Smugglers denied migrants life jackets, resulting in their drowning near Calais.

60 people on a boat in high winds can be fatal.

August 13th 2023.

Smugglers denied migrants life jackets, resulting in their drowning near Calais.
At least 59 people were rescued in a joint effort by French and British coastguards on Saturday, but the tragedy of five who drowned after their boat deflated in the Channel near Calais left a sour taste in the air. Régis Holy, the captain of the Notre-Dame du Brisban lifeboat, said none of the victims were wearing life jackets and that the inflatable dinghy had been punctured.

"You don't get used to it," he told Liberation newspaper. "Handling a body is difficult, it is heavy, the clothes are wet." The six people who died in the latest tragedy in the Channel were all Afghan men thought to be in their 30s. They had been forced to leave without any emergency equipment, packed into an inflatable dinghy by smugglers who charged each person around £1,000 for the passage to English shores.

Hervé Berville, the French minister for the sea, spoke of a strategy of 'saturating' the coast with people who want to get to Britain, as search for survivors continued. "There were a lot of people on the water last night, with a fairly rough sea," he said. He described the smugglers as ‘criminals, who send young people, women, adults to their death, through these dangerous maritime routes.’

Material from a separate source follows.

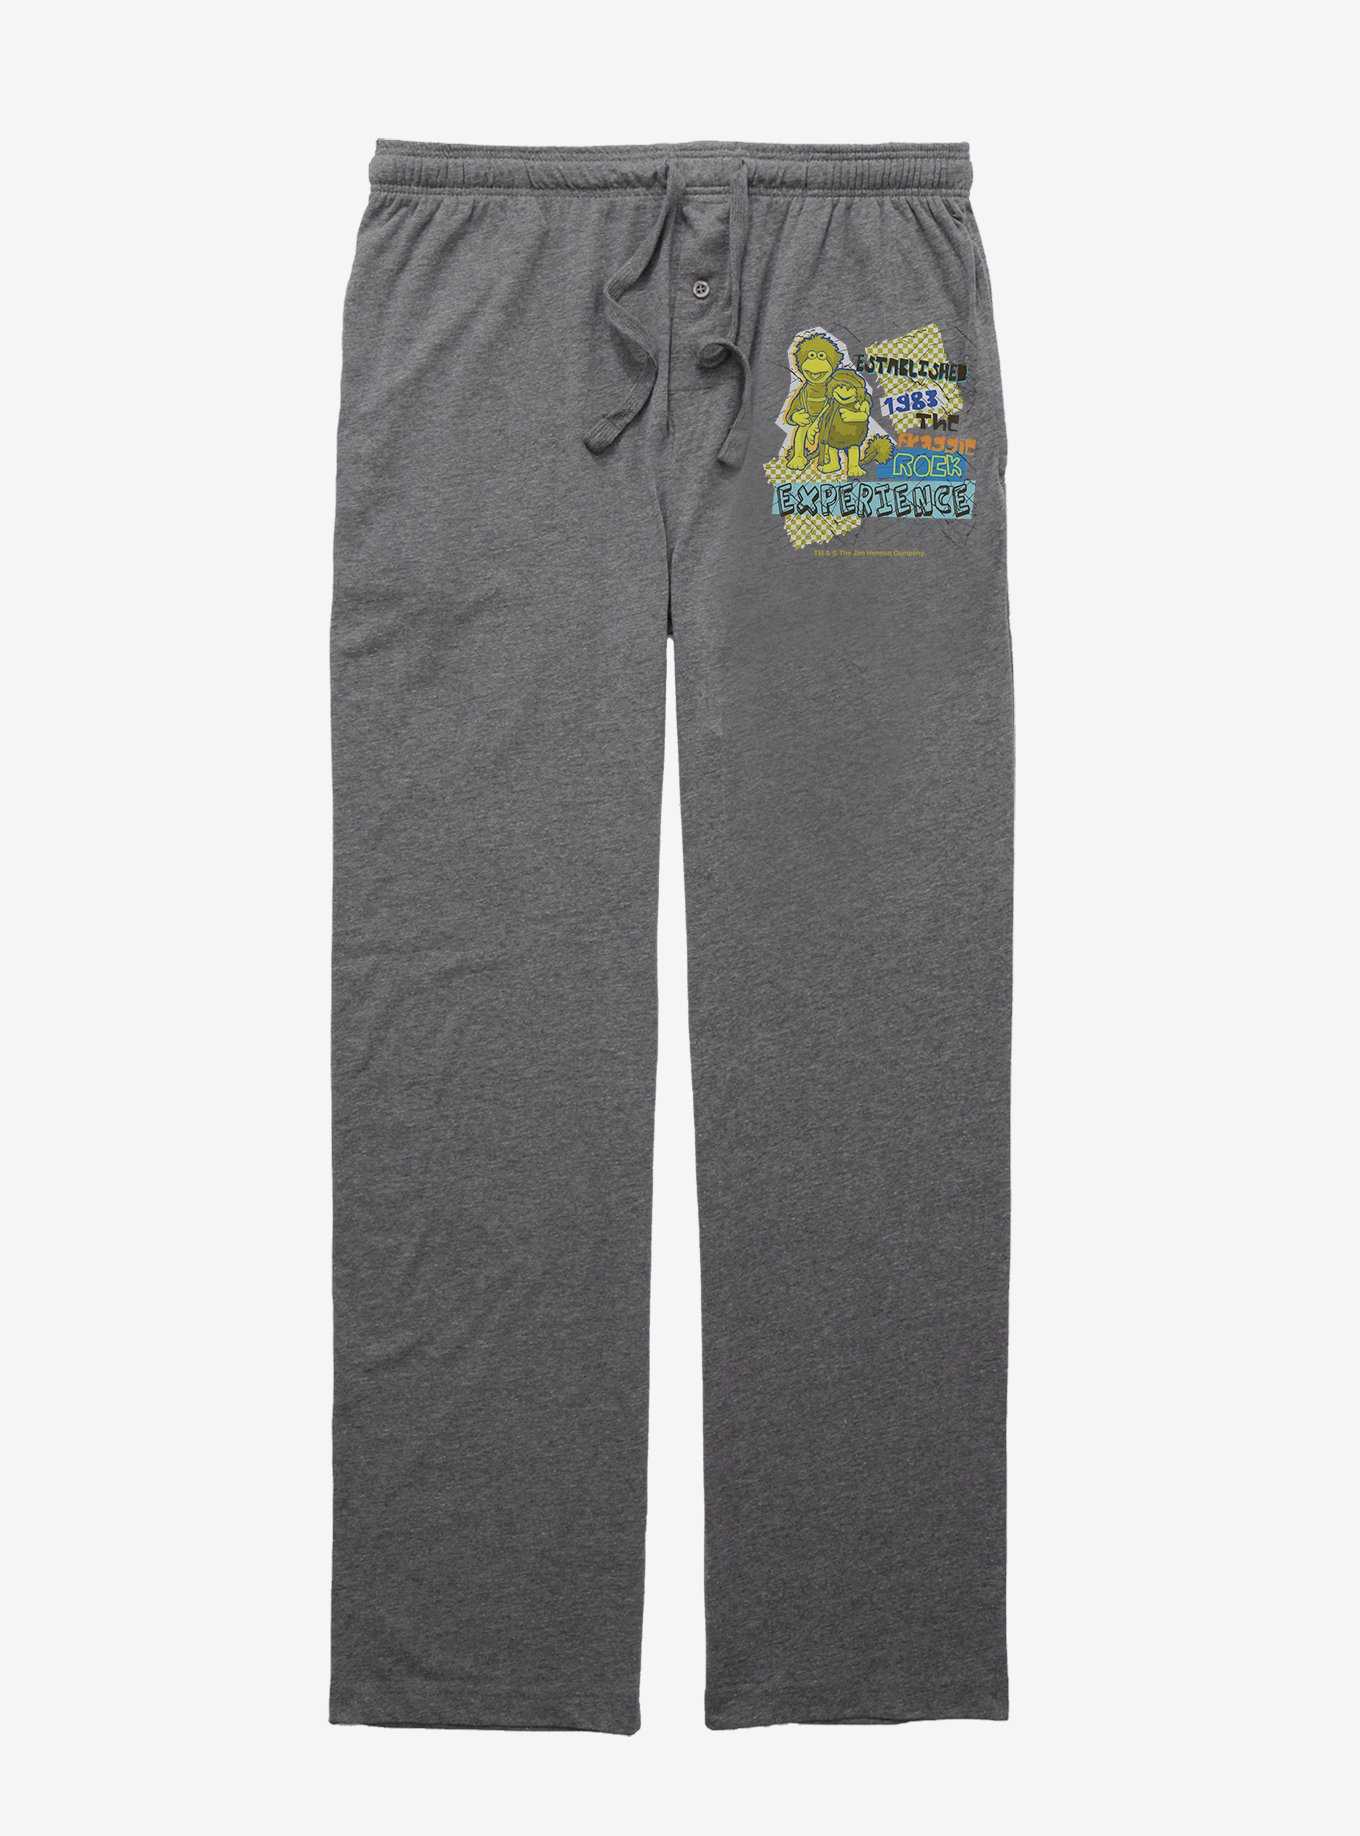 Jim Henson's Fraggle Rock Expierence Pajama Pants, , hi-res

The Home Secretary, Suella Braverman, described the incident as a ‘tragic loss of life’ and chaired a meeting with Border Force officials later on Saturday. Her words echoed those of the Refugee Council, who warned that ‘more people will die’ unless there are more safe routes to the UK. This latest disaster occurred almost two years to the day since the worst English Channel small boats incident ever, which saw 29 people in an inflatable dinghy collapse and 27 people die.